PROMPT: Quote exactly, and only, the lines of the material below from the line with "Winter Safety Measures" through the line with "Pug Coloring Pages".

GIVEN INFORMATION:

============================================================

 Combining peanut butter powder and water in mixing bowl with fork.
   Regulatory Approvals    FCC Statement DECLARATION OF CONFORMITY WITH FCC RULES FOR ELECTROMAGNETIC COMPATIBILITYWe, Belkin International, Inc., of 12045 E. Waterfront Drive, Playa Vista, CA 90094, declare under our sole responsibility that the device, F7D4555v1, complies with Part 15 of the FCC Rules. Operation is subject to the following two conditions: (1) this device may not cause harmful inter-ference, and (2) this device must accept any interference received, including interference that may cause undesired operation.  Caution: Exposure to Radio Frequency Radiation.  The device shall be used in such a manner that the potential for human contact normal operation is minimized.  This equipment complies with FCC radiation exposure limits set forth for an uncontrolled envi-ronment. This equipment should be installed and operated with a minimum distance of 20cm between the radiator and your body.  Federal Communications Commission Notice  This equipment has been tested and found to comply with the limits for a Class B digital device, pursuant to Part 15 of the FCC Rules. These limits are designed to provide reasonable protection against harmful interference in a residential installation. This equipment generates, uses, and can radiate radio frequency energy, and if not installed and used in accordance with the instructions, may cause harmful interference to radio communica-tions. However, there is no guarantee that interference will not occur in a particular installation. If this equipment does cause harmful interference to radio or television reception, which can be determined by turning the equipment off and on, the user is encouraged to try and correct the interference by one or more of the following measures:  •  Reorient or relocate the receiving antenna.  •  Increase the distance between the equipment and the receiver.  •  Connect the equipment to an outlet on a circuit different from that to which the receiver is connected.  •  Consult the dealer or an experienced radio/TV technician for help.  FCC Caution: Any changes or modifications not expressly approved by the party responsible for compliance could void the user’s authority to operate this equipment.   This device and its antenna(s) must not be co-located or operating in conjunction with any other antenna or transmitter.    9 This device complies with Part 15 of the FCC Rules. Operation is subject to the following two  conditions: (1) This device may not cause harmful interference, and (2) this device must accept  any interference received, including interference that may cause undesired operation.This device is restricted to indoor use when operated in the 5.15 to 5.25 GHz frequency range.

============================================================

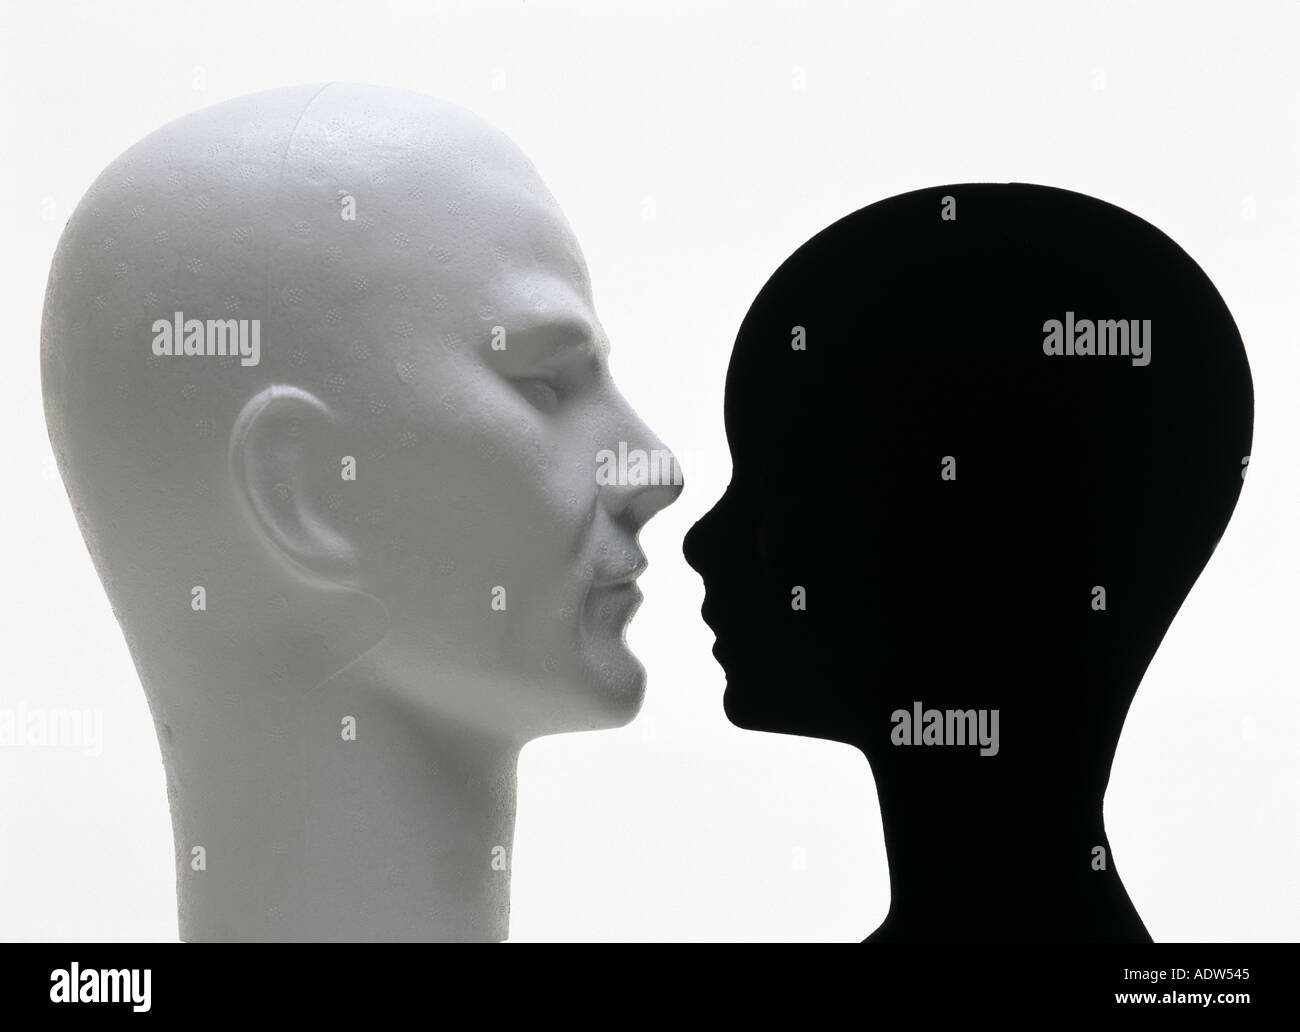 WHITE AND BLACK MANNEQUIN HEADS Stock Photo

============================================================

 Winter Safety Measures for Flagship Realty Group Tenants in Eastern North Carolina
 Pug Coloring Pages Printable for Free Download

============================================================

TASK RESPONSE:
 Winter Safety Measures for Flagship Realty Group Tenants in Eastern North Carolina
 Pug Coloring Pages Printable for Free Download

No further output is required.